# How do limits work in calculus?

Jul 27, 2015

The same way they work in Pre-Calculus.

Limits convey the action of approaching a coordinate in a graph that may or may not exist in the curve itself, whether it's due to an asymptote or a discontinuity. It tends to describe a value that you are unsure exists and can be used as a systematic way of determining whether or not it does. You can approach from the left or right in a $y = f \left(x\right)$ graph.

For example:
${\lim}_{x \to {0}^{+}} \frac{1}{x} = \infty$
"The limit as x approaches 0 from the positive/right side of $\frac{1}{x}$ is infinity"

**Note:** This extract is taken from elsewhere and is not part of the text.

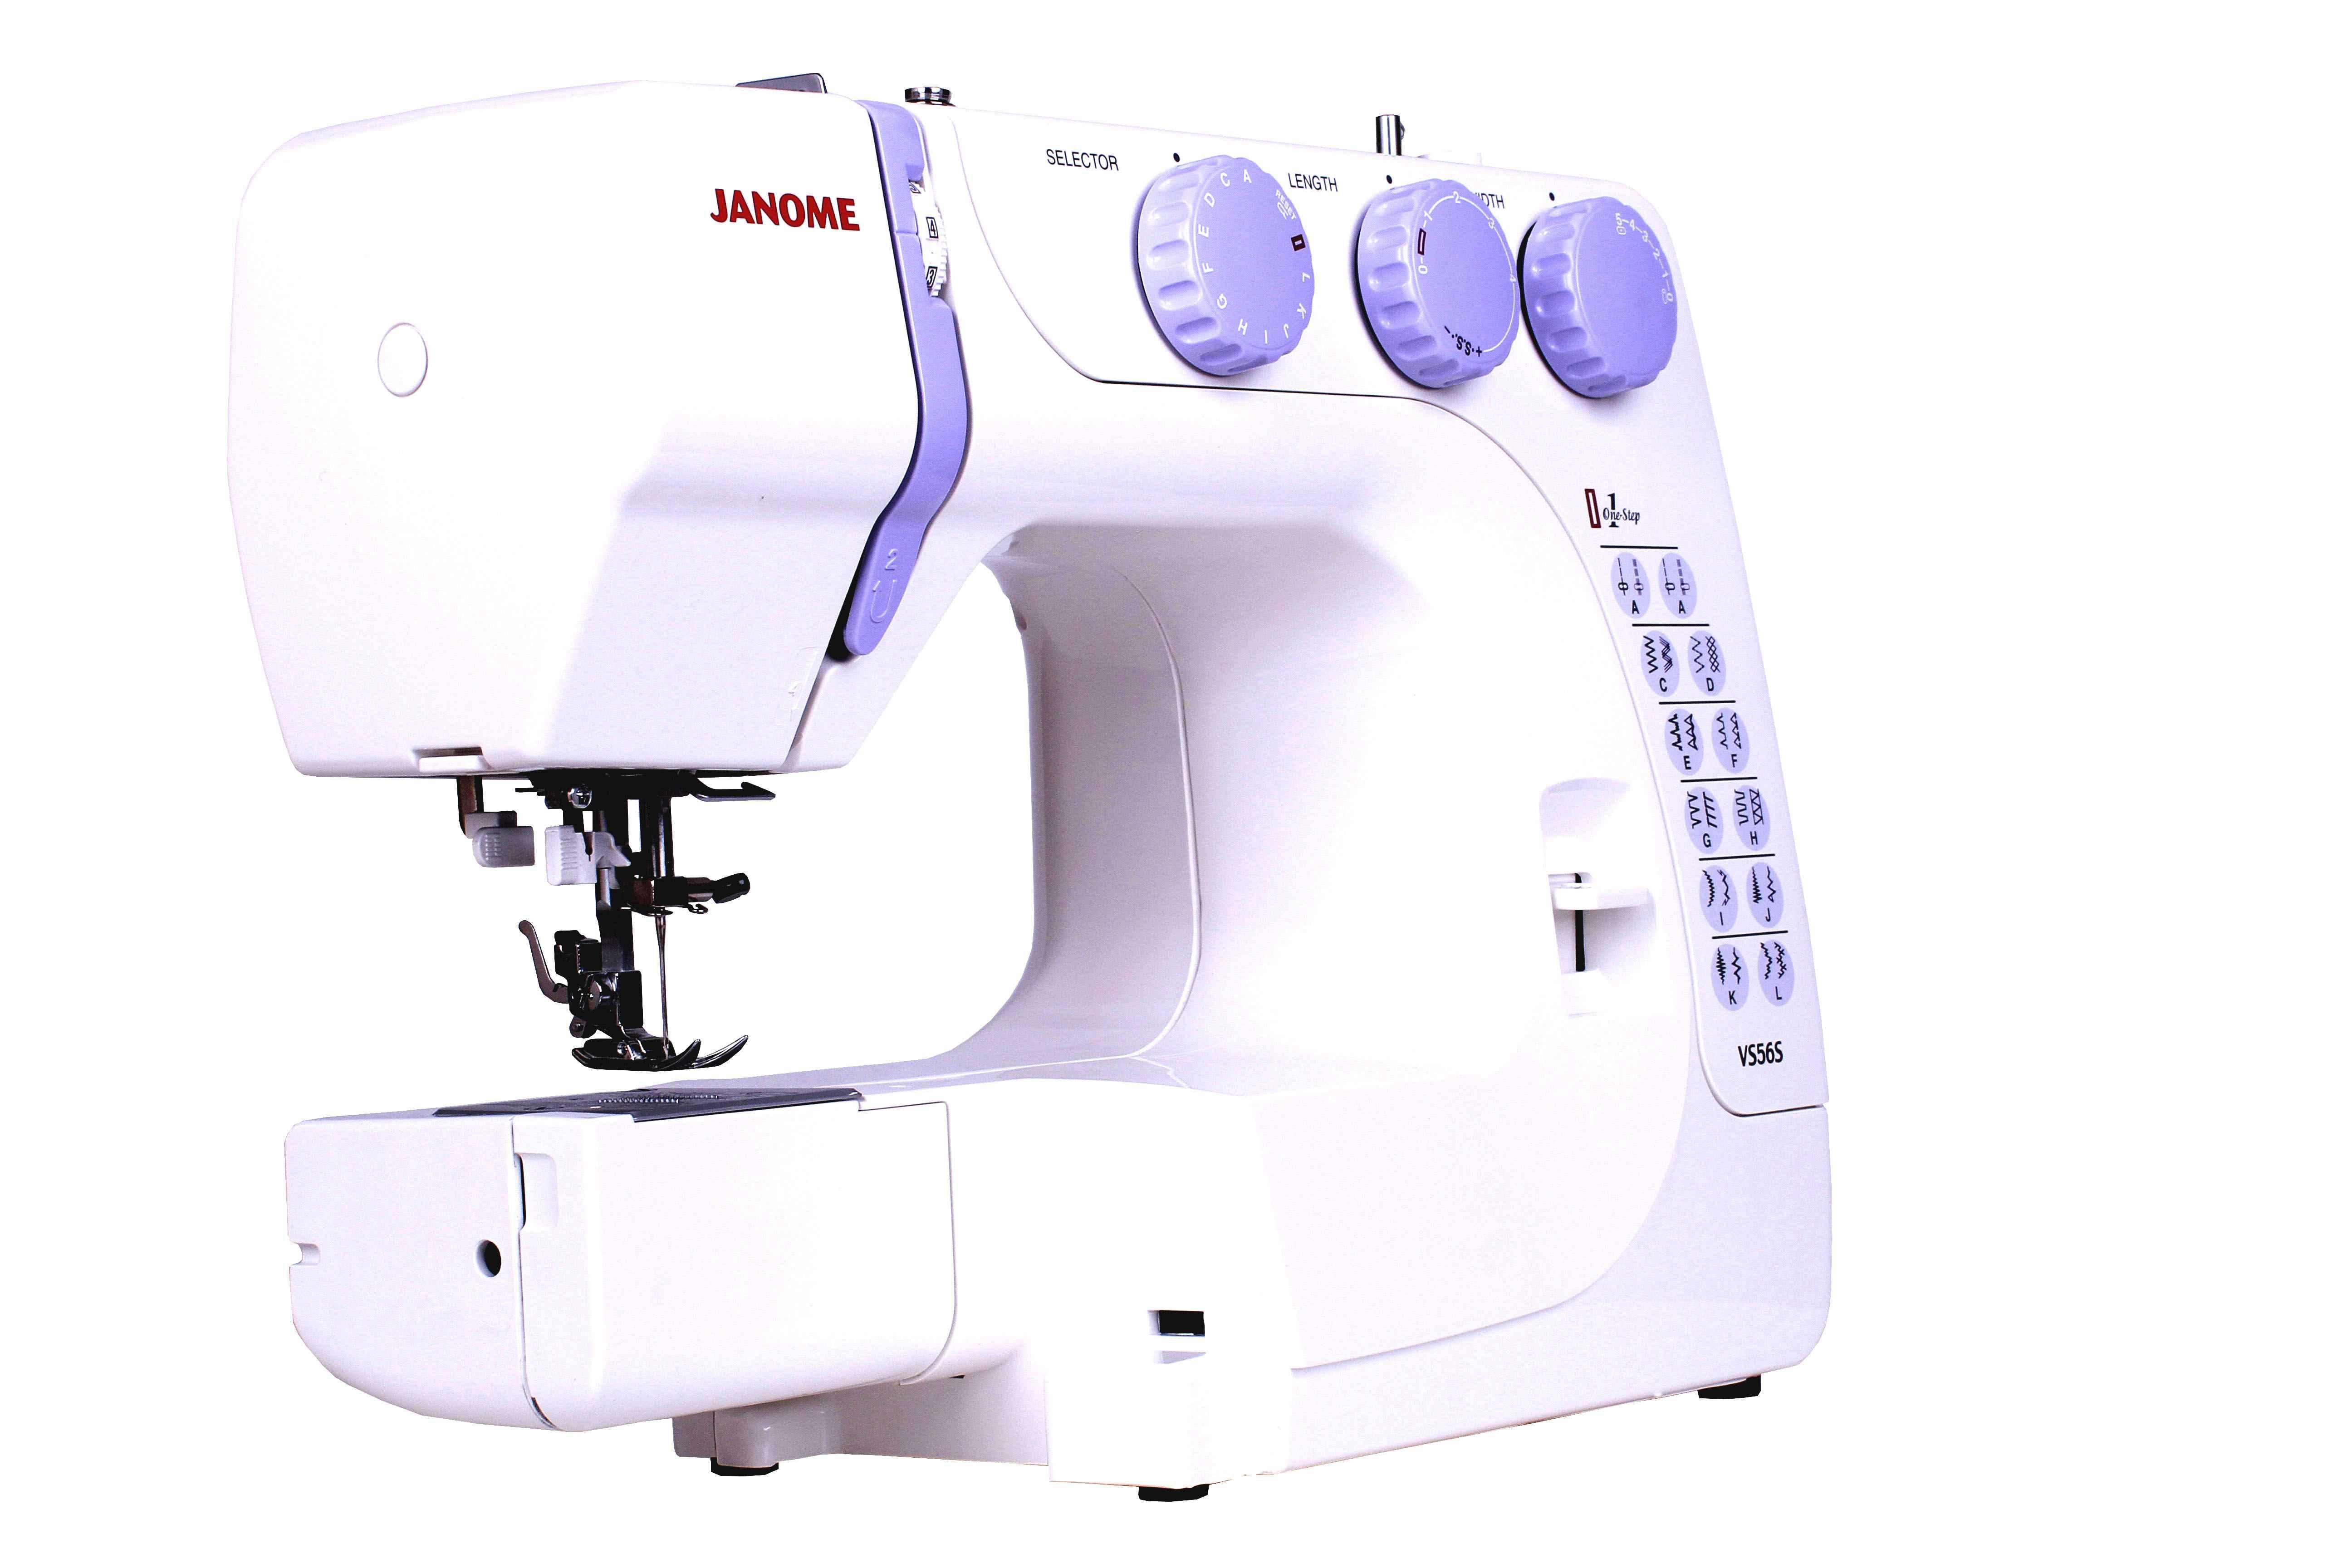 Швейная машина Janome VS 56 электромеханическая швейная машина vlk napoli 2100

${\lim}_{x \to {0}^{-}} \frac{1}{x} = - \infty$
"The limit as x approaches 0 from the negative/left side of $\frac{1}{x}$ is negative infinity"

${\lim}_{h \to 0} \frac{f \left(x + h\right) - f \left(x\right)}{h}$
"The limit as $h$ approaches a very small number from either side of $\frac{f \left(x + h\right) - f \left(x\right)}{h}$ is the slope of the function $h$ units away from the point of examination"

which basically says that if you zoom in very far into a function, it looks linear and you can use the basic slope formula at that close zoom to find the slope. $h$ is some very small value, hence the $h \to 0$.